There’s a documentary film now in production based around her project. “With the help of the Speak Gwich’in To Me documentary, language revitalization and the importances of languages will get even more traction,” says Firth-Hagen.
Johanna Gabriela Luna is directing the Speak Gwich’in To Me documentary, which is due for release in the summer of 2018. Luna is a broadcast journalist and was working at CKLB Radio 101.9FM Aboriginal Radio station in Yellowknife, (where Firth-Hagen also worked for a time), when she heard of Firth-Hagen’s project.
“Jacey is an intelligent, bright, and cool activist,” Luna says. “She loves her culture and really wants to make a difference in her community. That’s what stood out about her. She’s passionate about revitalizing the Gwich’in language. She has started a social media buzz and put the spotlight on revitalizing the language.”
Luna says filming the Speak Gwich’in To Me documentary drove home the importance of knowing your native language.
“I couldn’t imagine if someone told me that my Spanish language is dying,” Luna says. “This film tells the importance of revitalization and language… The bottomline is, language is vital not just to communicate, but it’s part of your culture.”
Firth-Hagen is currently in her second year of Northern Outdoor and Environmental Studies at Yukon College. She plans to continue her post-secondary studies and obtain a bachelor’s degree.
In February she traveled to Kautekeino, Norway as a Gwich’in Tribal Youth Representative for the Gwich’in Council International. There she attended an EALLU-Reivdan Seminar: Knowledge and Indigenous Food Systems, where she presented on the Gwich’in people in front of Seminar delegates, the Saami Council, and delegates for the Conservation of Arctic Flora and Fauna regarding endangered languages as well as the Gwich’in language.
“My end goal is to move back to my hometown of Inuvik, Northwest Territories and give back to my community and Gwich’in people through education, volunteering, and my work with language.”
There are Many Dialects of the Gwich’in Language
Vuntut Gwitchin is spoken in Old Crow, Yukon, and in the Northwest Territories there are three different Gwich’in dialects: Ehdiitat Gwich’in spoken in Aklavik, Tetlit Gwich’in spoken in Fort Mcpherson, Gwichyaa Gwich’in spoken in Tsiigehtchic.

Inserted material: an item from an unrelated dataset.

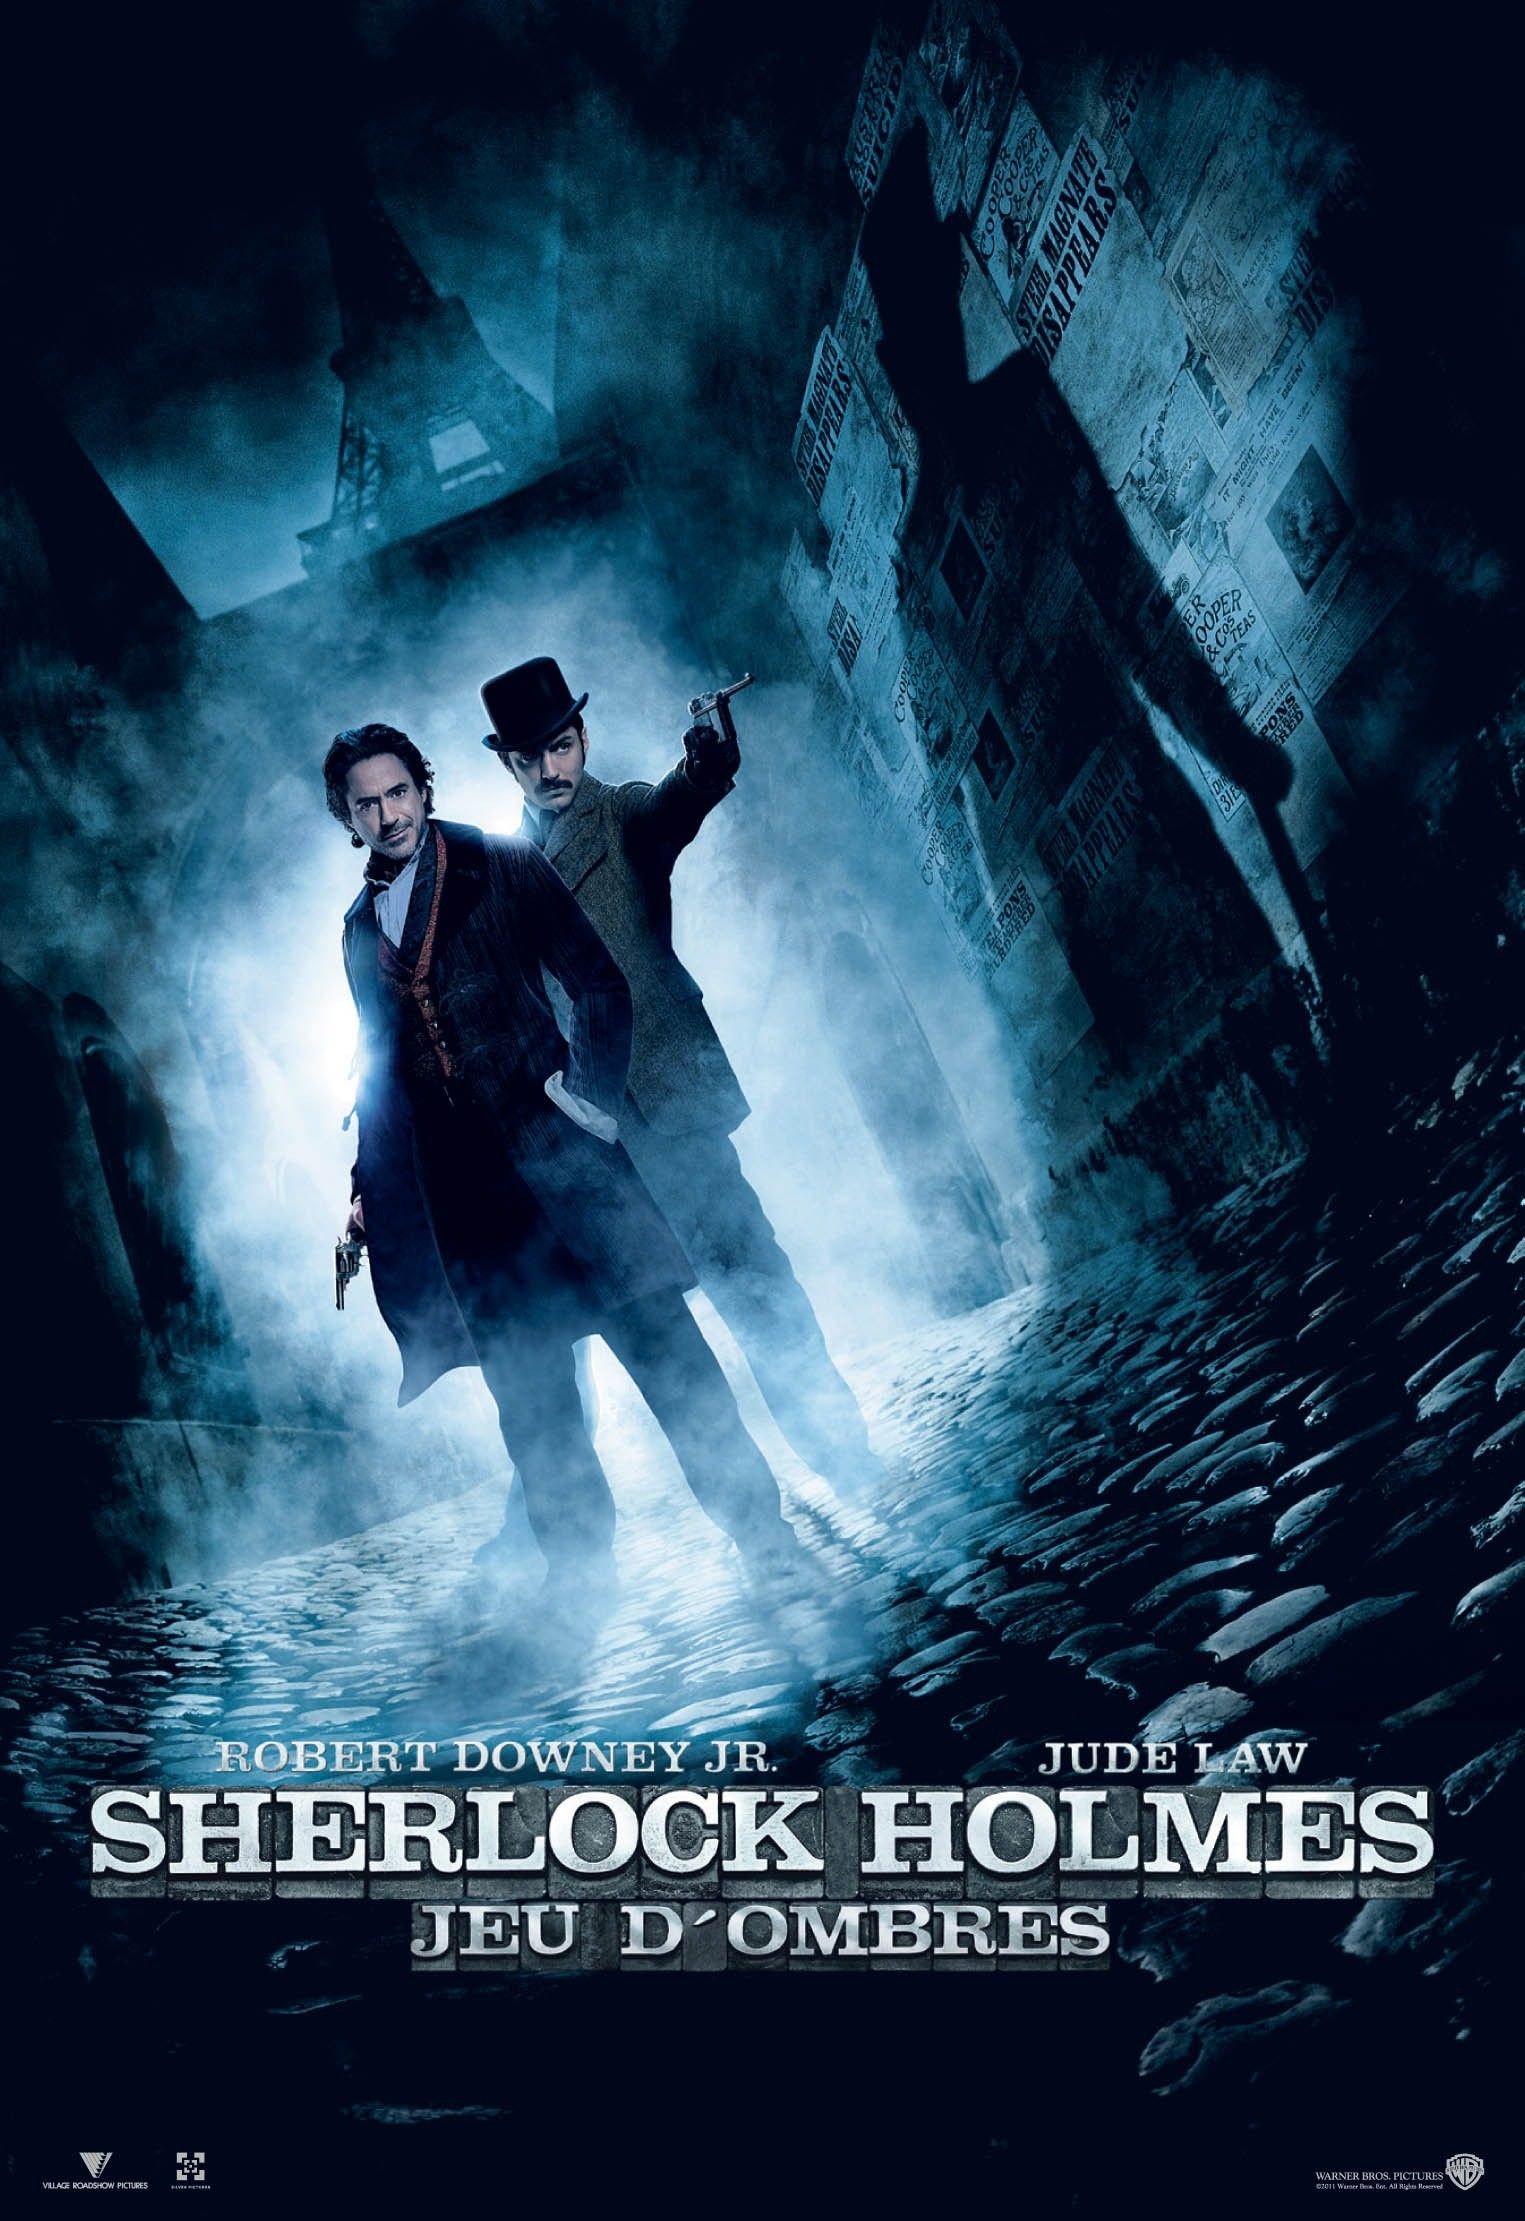 Шерлок Холмс: Игра теней

In Alaska there are six different Gwich’in dialects: Dihai-kutchin spoken in the communities of Arctic Village and Venetie, Neetsaii Gwich’in spoken in the communities of Arctic Village and Venetie, Gwichyaa Gwich’in spoken in Beaver and Fort Yukon.
Deenduu Gwich’in is spoken in Birch Creek, Draanjik Gwich’in is spoken in Chalkyitsik and Danzhit Hanlaii Gwich’in is spoken in Circle.